Disfluency as a Window into Cognitive Mediation: Psycholinguistic Metrics for Evaluating AI-Integrated Spoken Communication

Published in Extended Abstracts of the 2026 CHI Conference on Human Factors in Computing Systems, 2026

Published: CHI Extended Abstracts 2026, Barcelona, Spain.

This paper proposes a psycholinguistic evaluation framework that uses speech disfluency patterns—filled pauses (um, uh), repetitions, repairs, and prolonged silences—as observable signatures of underlying cognitive processing during AI-integrated spoken conversation. While most evaluation metrics for conversational AI focus on output fluency or task success, disfluencies are systematic windows into speakers’ cognitive load, prediction failure, and repair work.

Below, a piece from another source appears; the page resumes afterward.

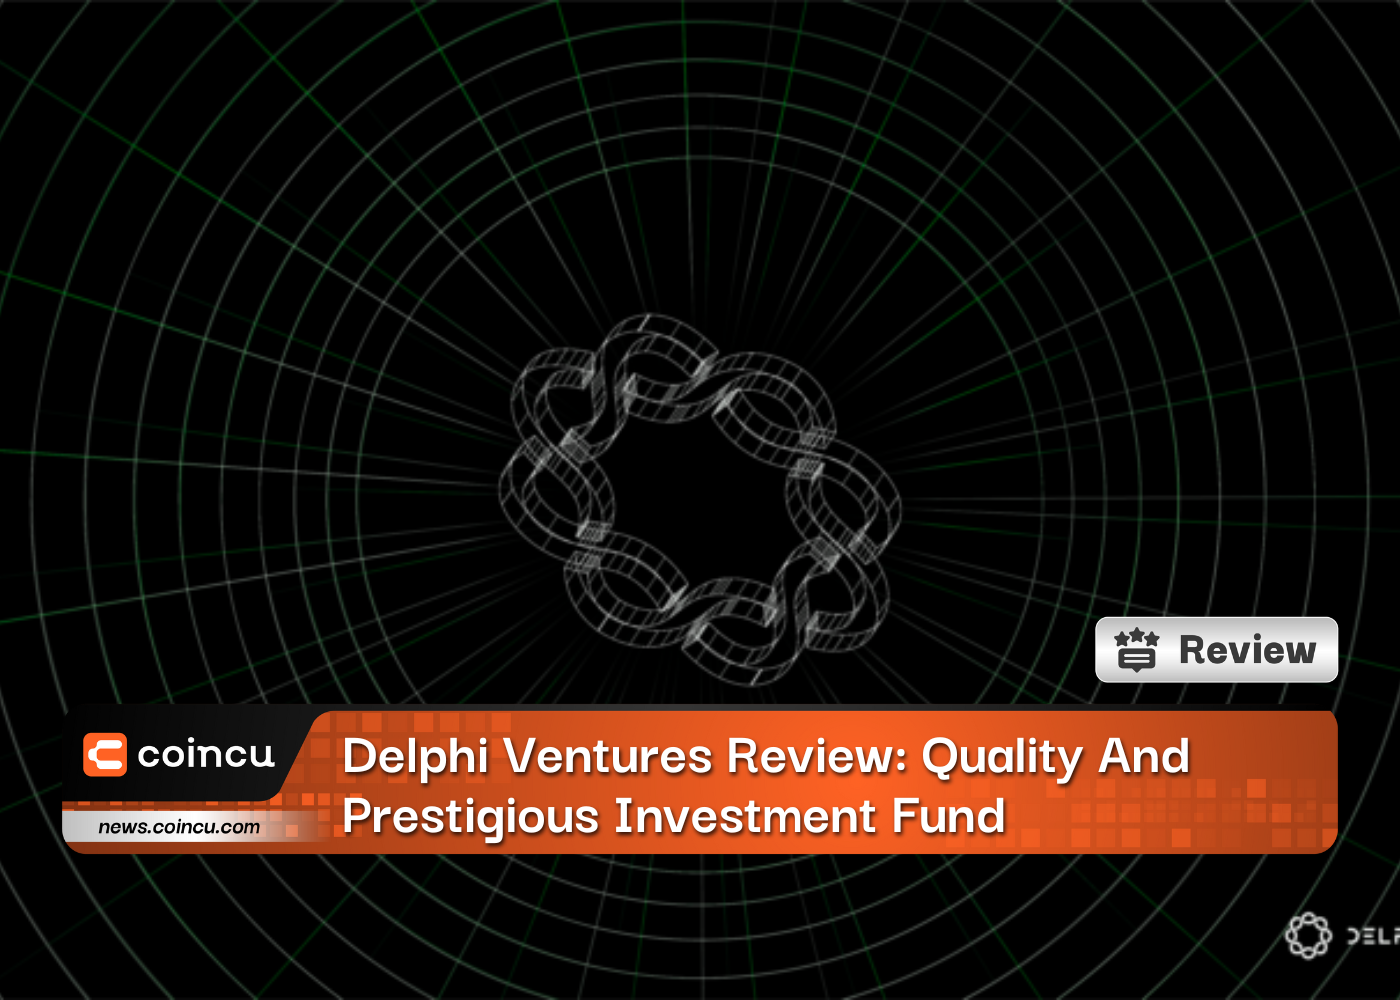 Delphi Ventures Review: Quality And Prestigious Investment Fund
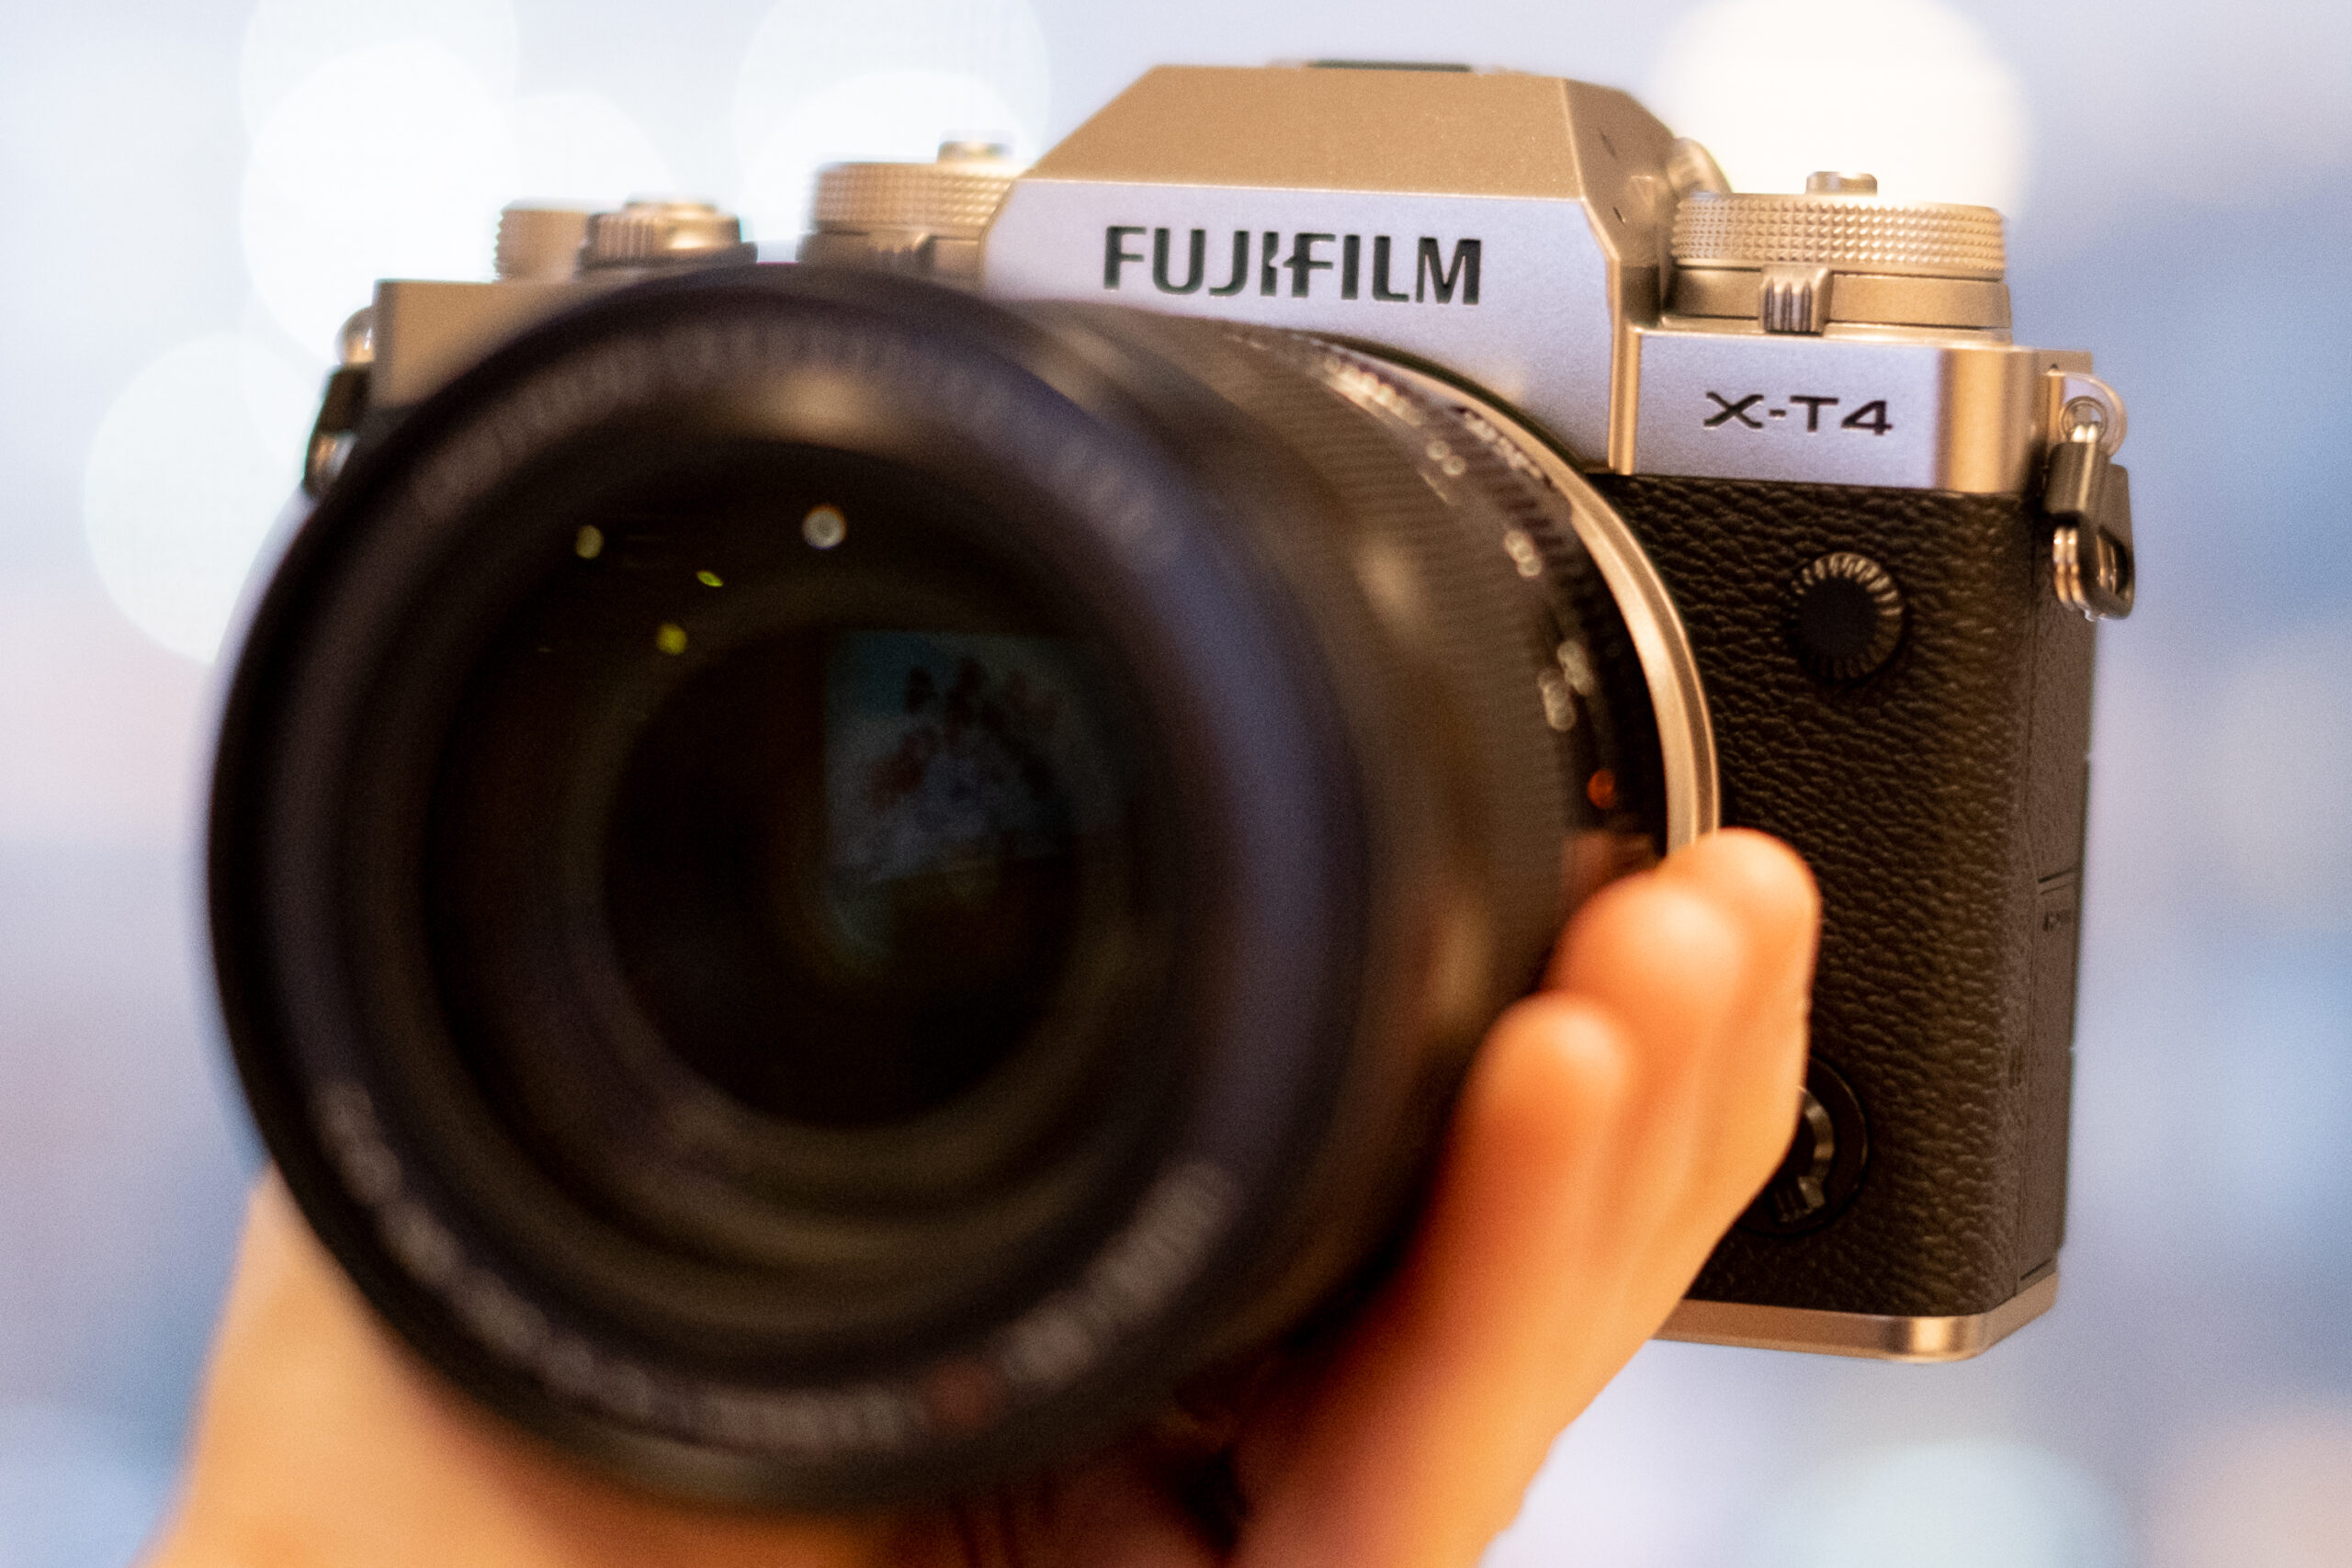 The sad history of digital cameras trying to imitate film

The paper maps four classes of disfluency to four speech-processing stages (perception, lexical access, content integration, production planning) and proposes how each can be measured to evaluate whether AI mediation alleviates or amplifies cognitive load at specific stages. This framework supports more nuanced evaluation of AI tools designed for non-native speakers and others who experience predictable cognitive bottlenecks during real-time conversation.

Recommended citation: He, W. P. (2026). "Disfluency as a Window into Cognitive Mediation: Psycholinguistic Metrics for Evaluating AI-Integrated Spoken Communication." Extended Abstracts of the 2026 CHI Conference on Human Factors in Computing Systems. Barcelona, Spain.